Дно. Глава третья погром

На следующей день стало ясно, что генерал Фундамент ничего не забыл и ничего не простил. Рано утром застучали топоры на площади: плотники возводили висельницы.

В тот же утренний час жандармы в своих знаменитых синих мундирах ворвались в Дом офицеров. Они вязали ещё не пробудившихся после пьянки офицеров, то есть весь средний состав. Полковник Котиха вдобавок получил особый подарок генерала Фундамента - несколько выбитых зубов.

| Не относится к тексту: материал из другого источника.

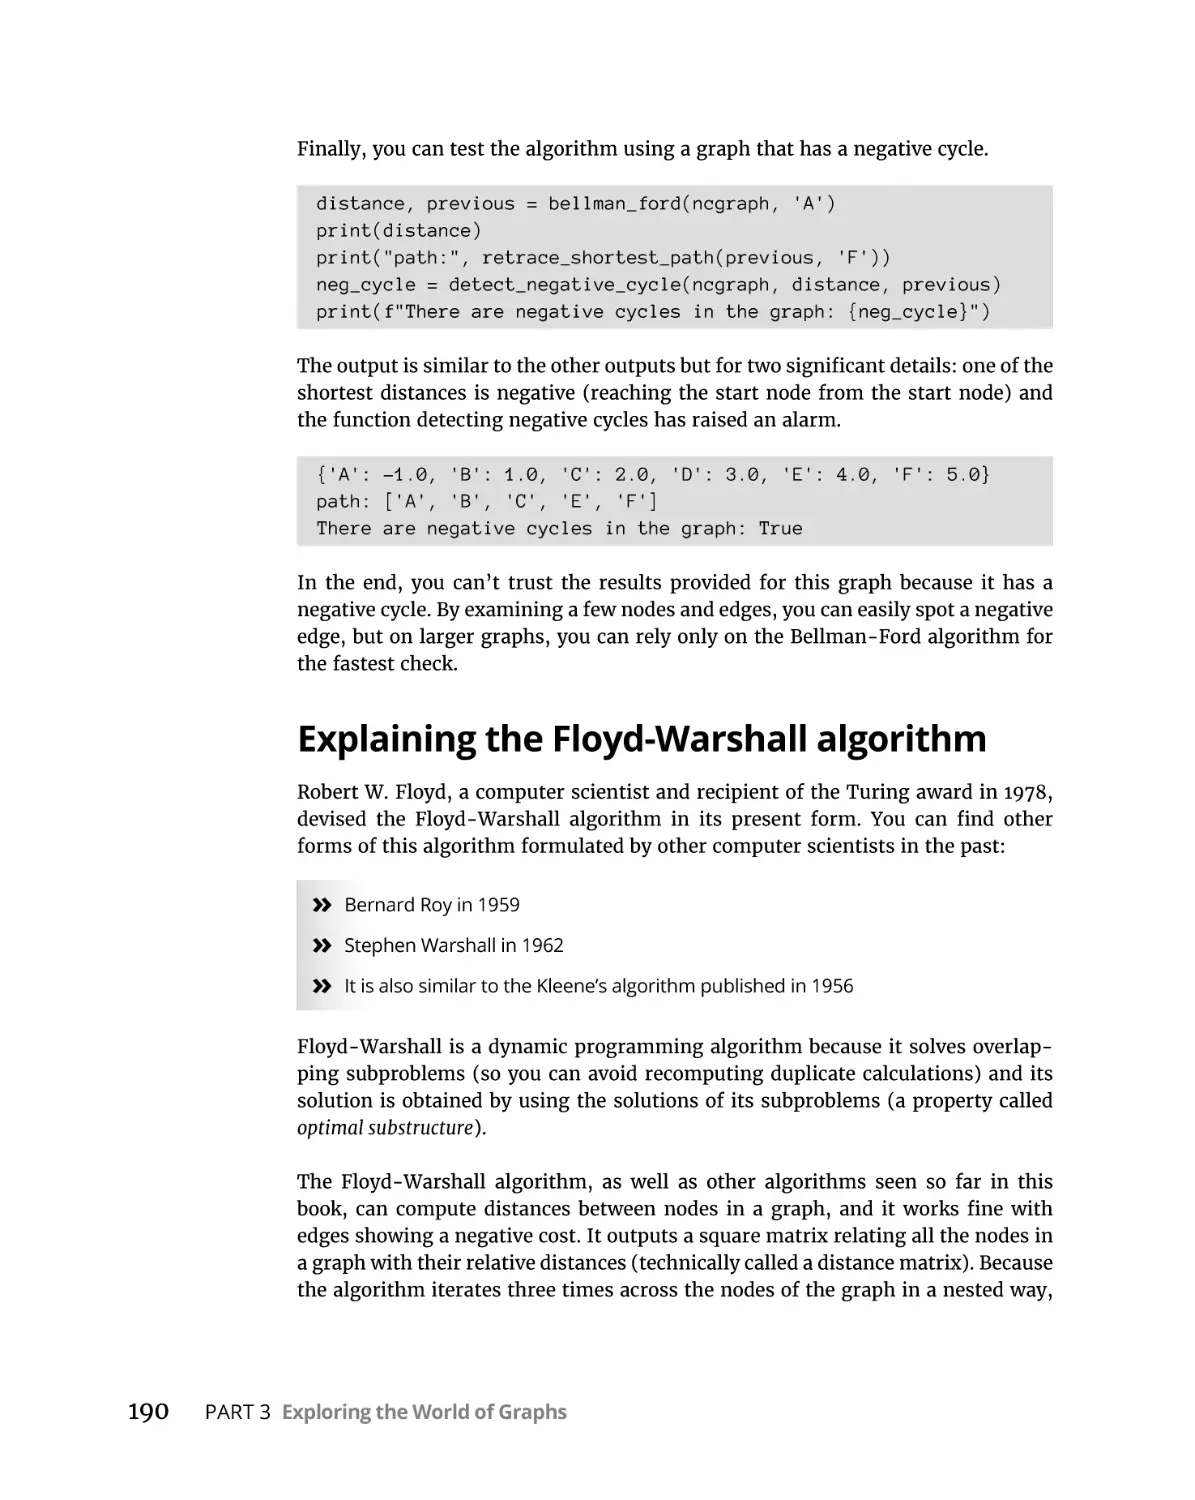 Explaining the Floyd-Warshall algorithm

Жандармы притащили мучающихся от похмелья офицеров особенно унизительным способом - привязав к крупу своих лошадей. На площади уже был генерал Фундамент с забинтованным носом и в окружении десяти жандармов, выполнявших функции его личной охраны. Рядом с ним на коне сидел  начальник киевской жандармерии, жандармский полковник Бернхард Бернхардович фон Плюйс, остзейский немец, прямой и длинный как жердь, с красивым германо-немецким лицом, внешне невозмутимый как удав, очень спокойный.

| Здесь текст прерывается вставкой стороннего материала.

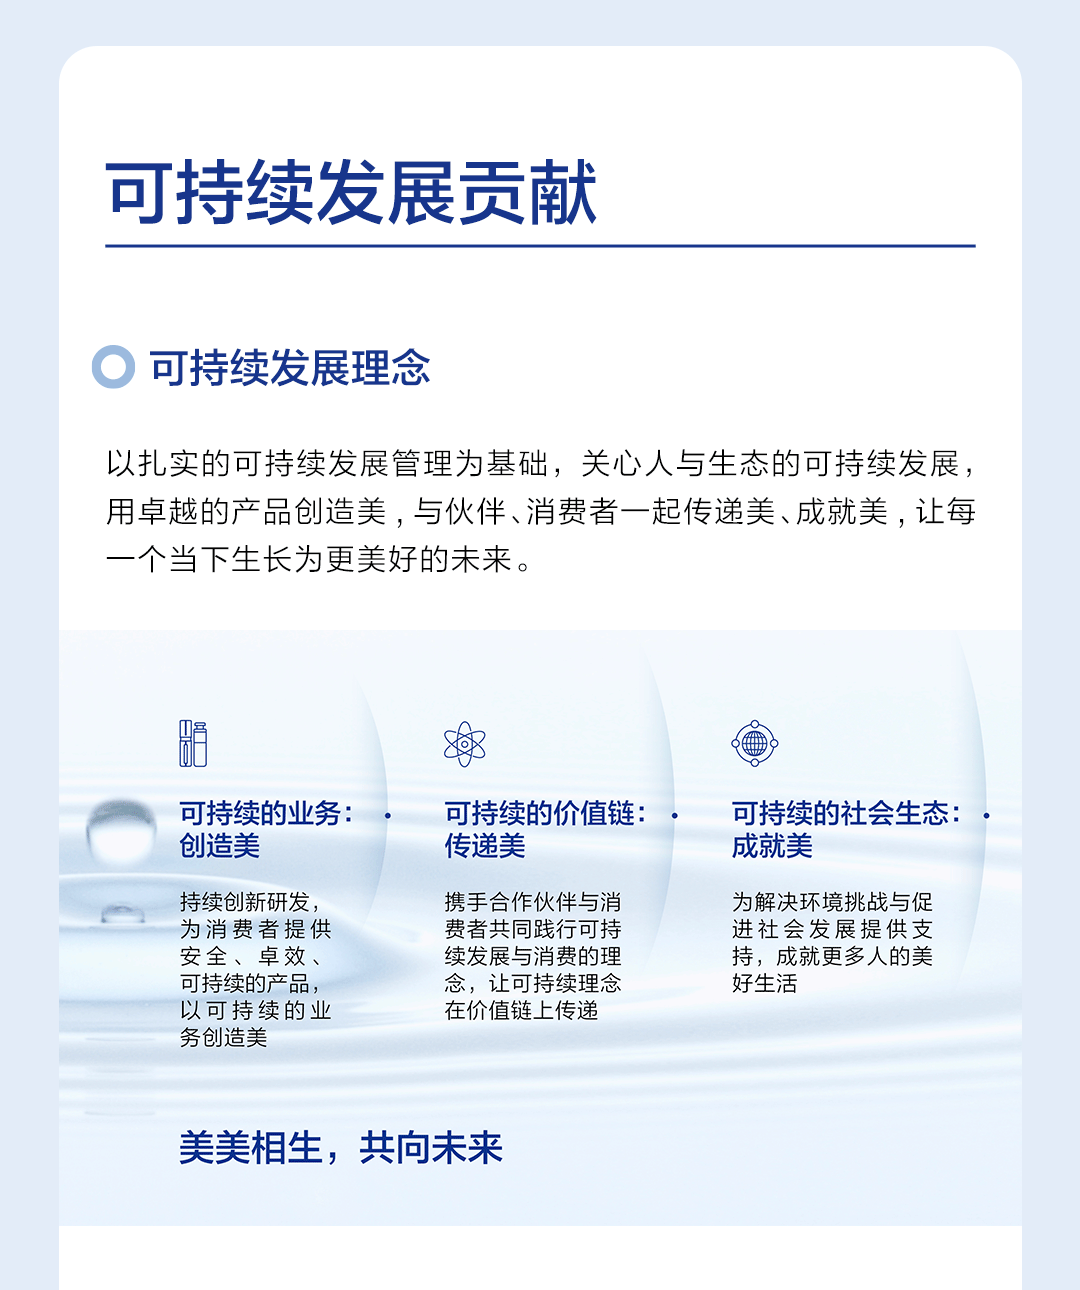 2022-ESG长图中文版发微博_03.gif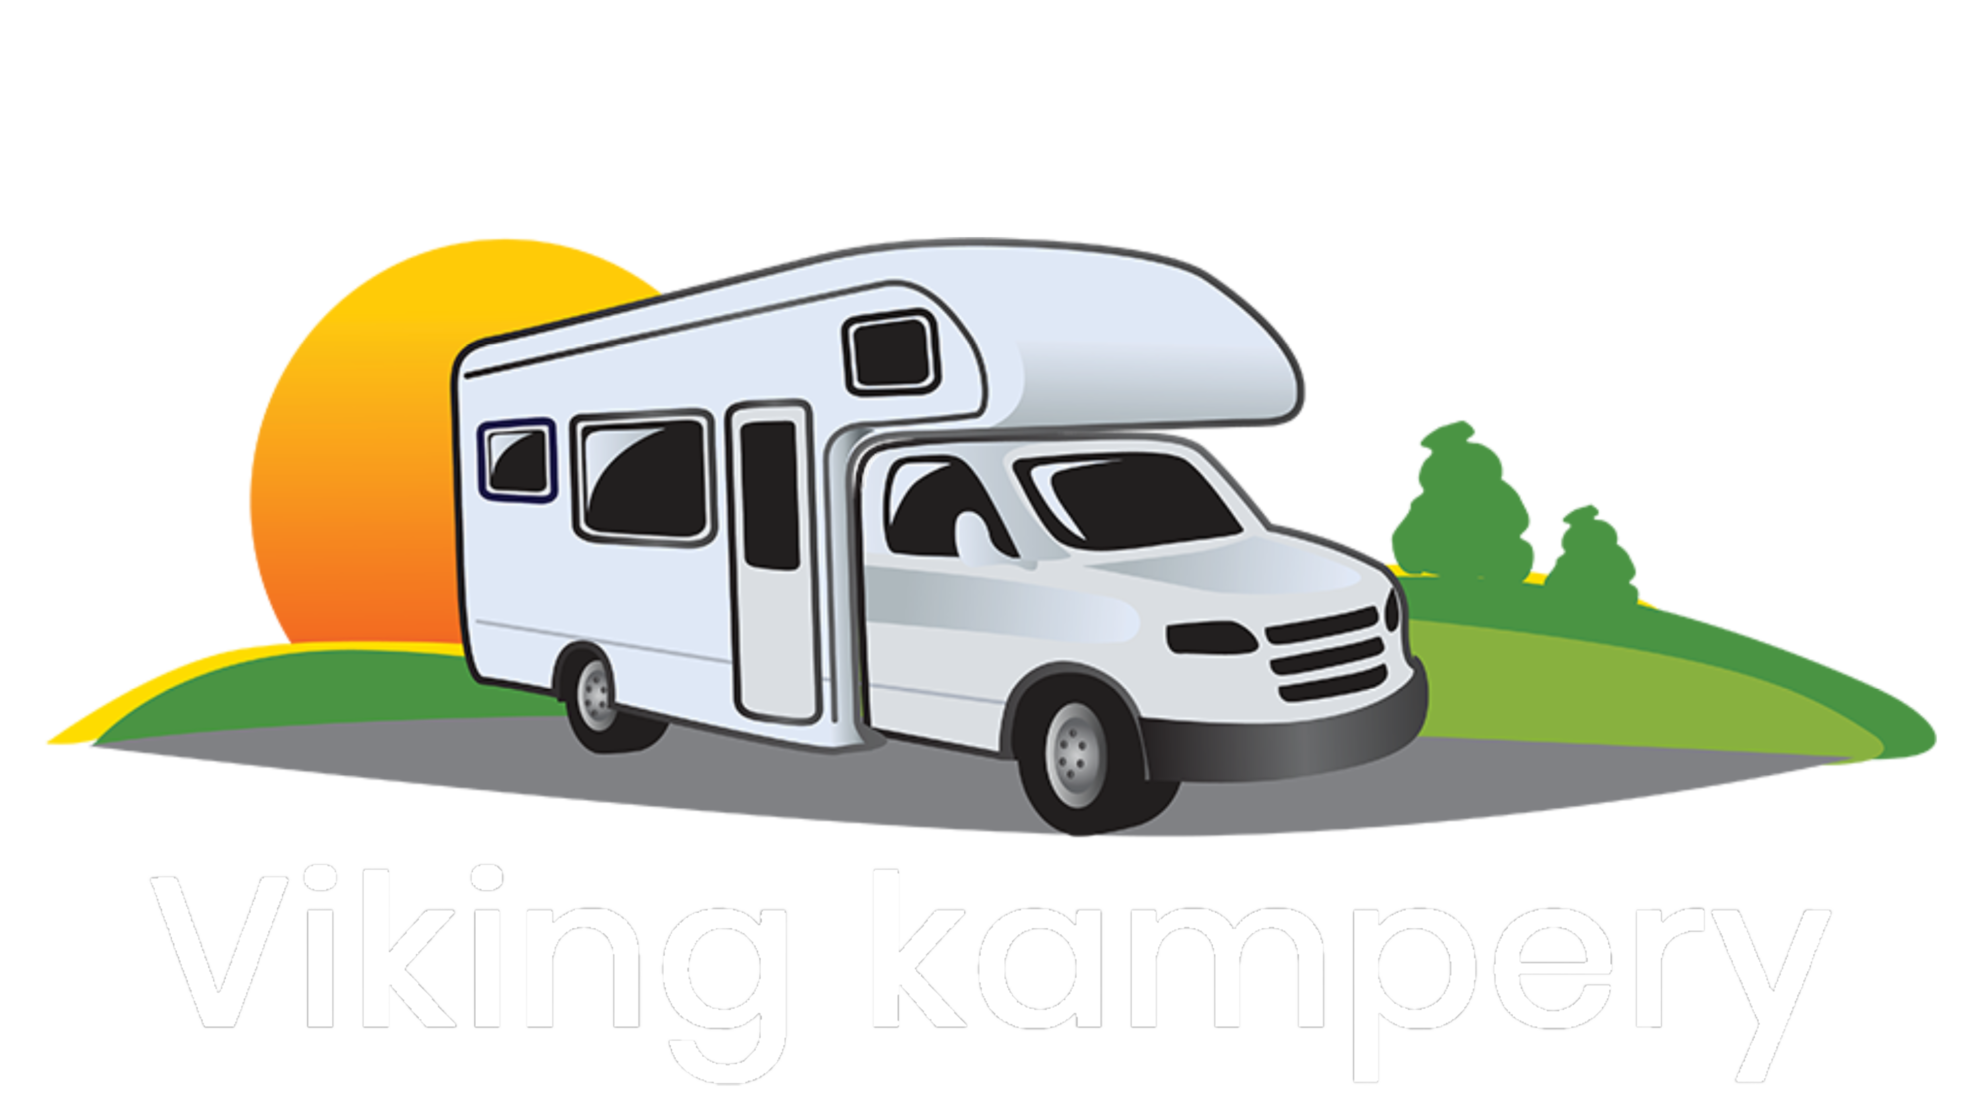 Viking kampery - logo

Генерал Фундамент твёрдо решил смыть унижение удушением и прибыл лично на это посмотреть. Но когда уже с офицеров среднего звена, успокоенных и оглушенных ударом по затылку, содрали ордена и погоны и тащили на эшафот, на площадь в сопровождении вооруженных людей, одетых во что попало, прискакал граф Аркадий Владимирович Ларионов, киевский губернатор.

- Немедленно прекратить! - скомандовал он ещё на ходу.

Генерал Фундамент поморщился, как от зубной боли. Удовольствие от казни грозился испортить рафинированный аристократ, одетый в форму статского советника. Не желая этого, он дал знак жандармам остановиться и направился к губернатору, имея цель проводить его восвояси. Вооруженная охрана из жандармов, в том числе и Бернхард фон Плюйс, двинулись за ним.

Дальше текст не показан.